Victor was kept in hospital overnight, on account of his bitten lip and presumed shock, and released the next morning, whereupon Anselm paid him a welcome visit at home.
‘As I told you before,’ said Victor, ‘I had always seen the irony of my predicament — on paper, I was the one who had betrayed The Round Table. So when I came to England I decided to set the record straight, if you will forgive the expression. The idea came to me when I was wondering how I might conceal my identity still further. I decided to change my name a second time. What name? I thought.’
‘Brownlow?’ interjected Anselm with a faint, querying smile.
‘The man who rescued Oliver Twist,’ replied Victor. For him it was an old joke, lame but enduring, a sniff at adversity.
‘Of course,’ snapped Anselm. ‘I knew I recognised it.’
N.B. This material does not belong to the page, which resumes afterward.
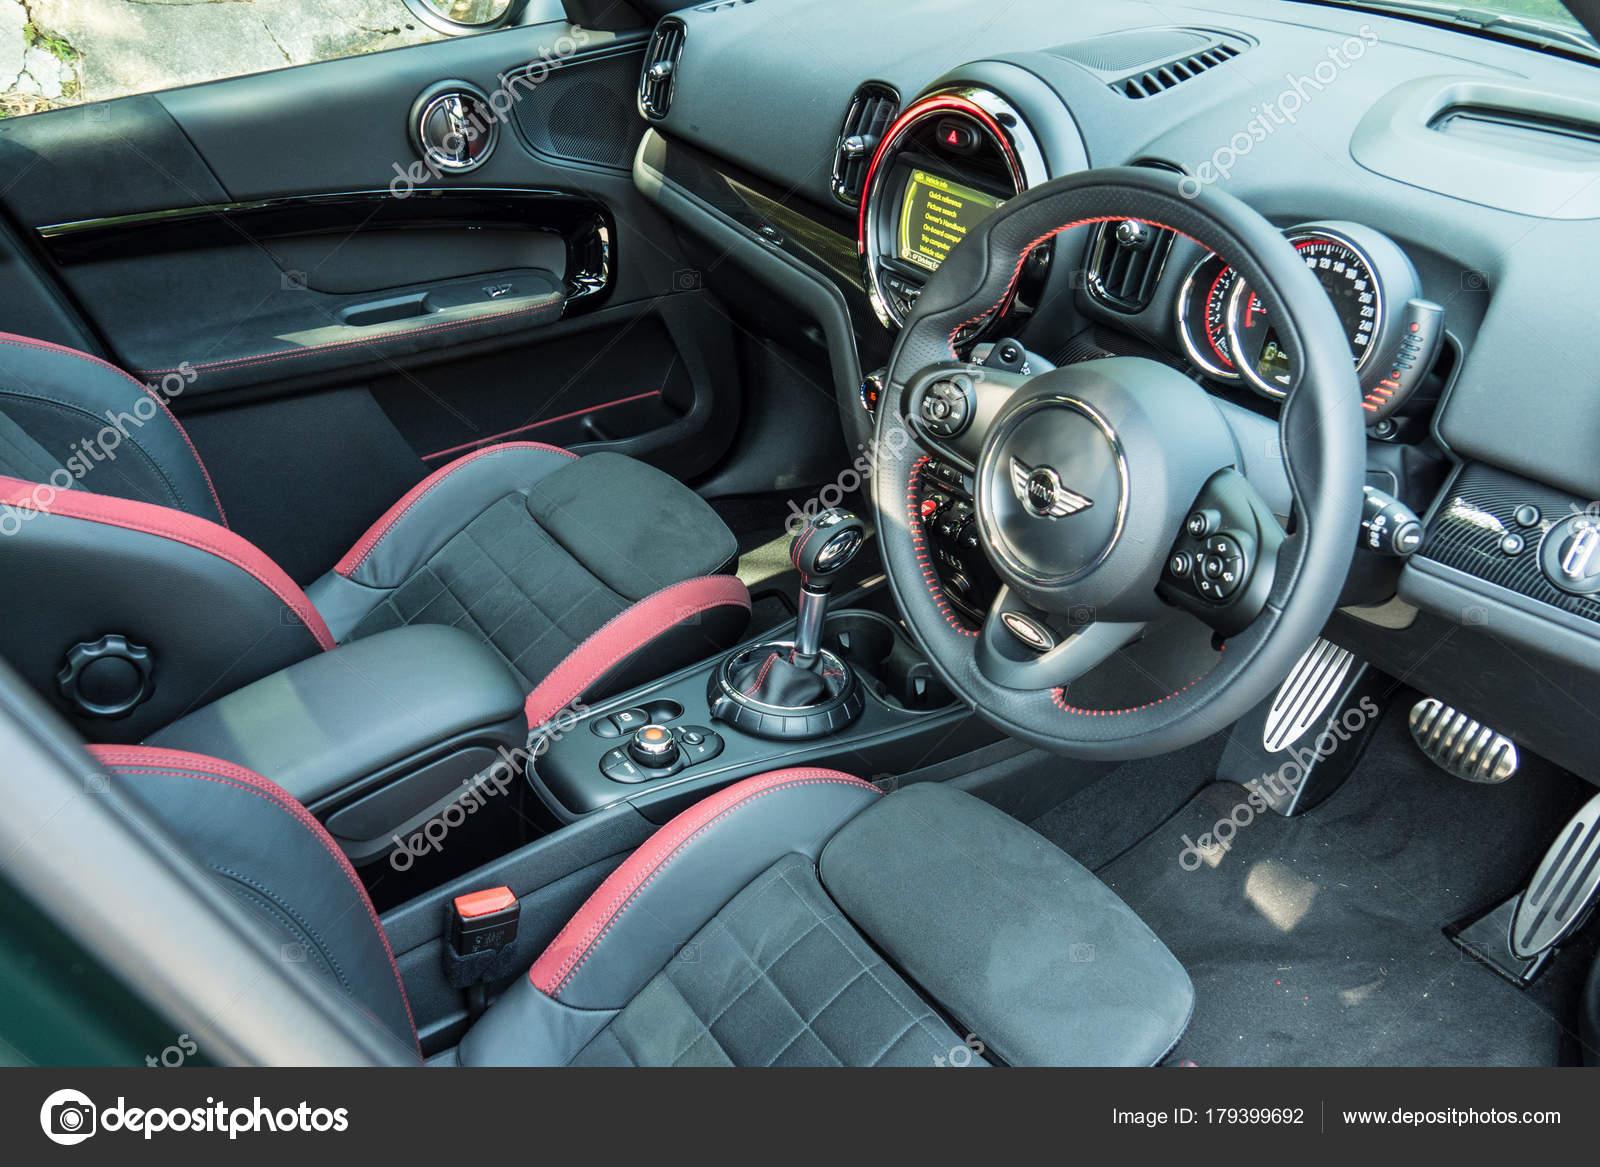 Mini Jcw Landsmann 2017 Interieur — Redaktionelles Stockfoto ...

Abandoning the advantages his education and talent would have brought him, Victor then chose factory work as a long-term hiding place. For most of his employed life he stood by a conveyor belt putting lids on jars of mustard. He saved what he could for Robert’s precocious talent at the piano. He met Pauline, his wife-to-be, at a church fair bookstall. Nature ran its course and she became a mother to Robert, but he was old enough to remember her coming into his life.
‘When he was old enough to understand, I told him his real mother had died during an air raid. Disasters are always convincing.’
For twenty-six years Pauline had been his strength, the woman to whom he confided all that had happened. When she knew she was going to die from a rare kidney complaint she wrote Victor a letter, to help him after she had gone. But they were lifeless words, shapes in ink. He used to stare at them, trying to summon up the voice that had once spoken to him, her passion, her belief in him, her constant forgiveness for the wrongs of which he was a part. He’d been to confession.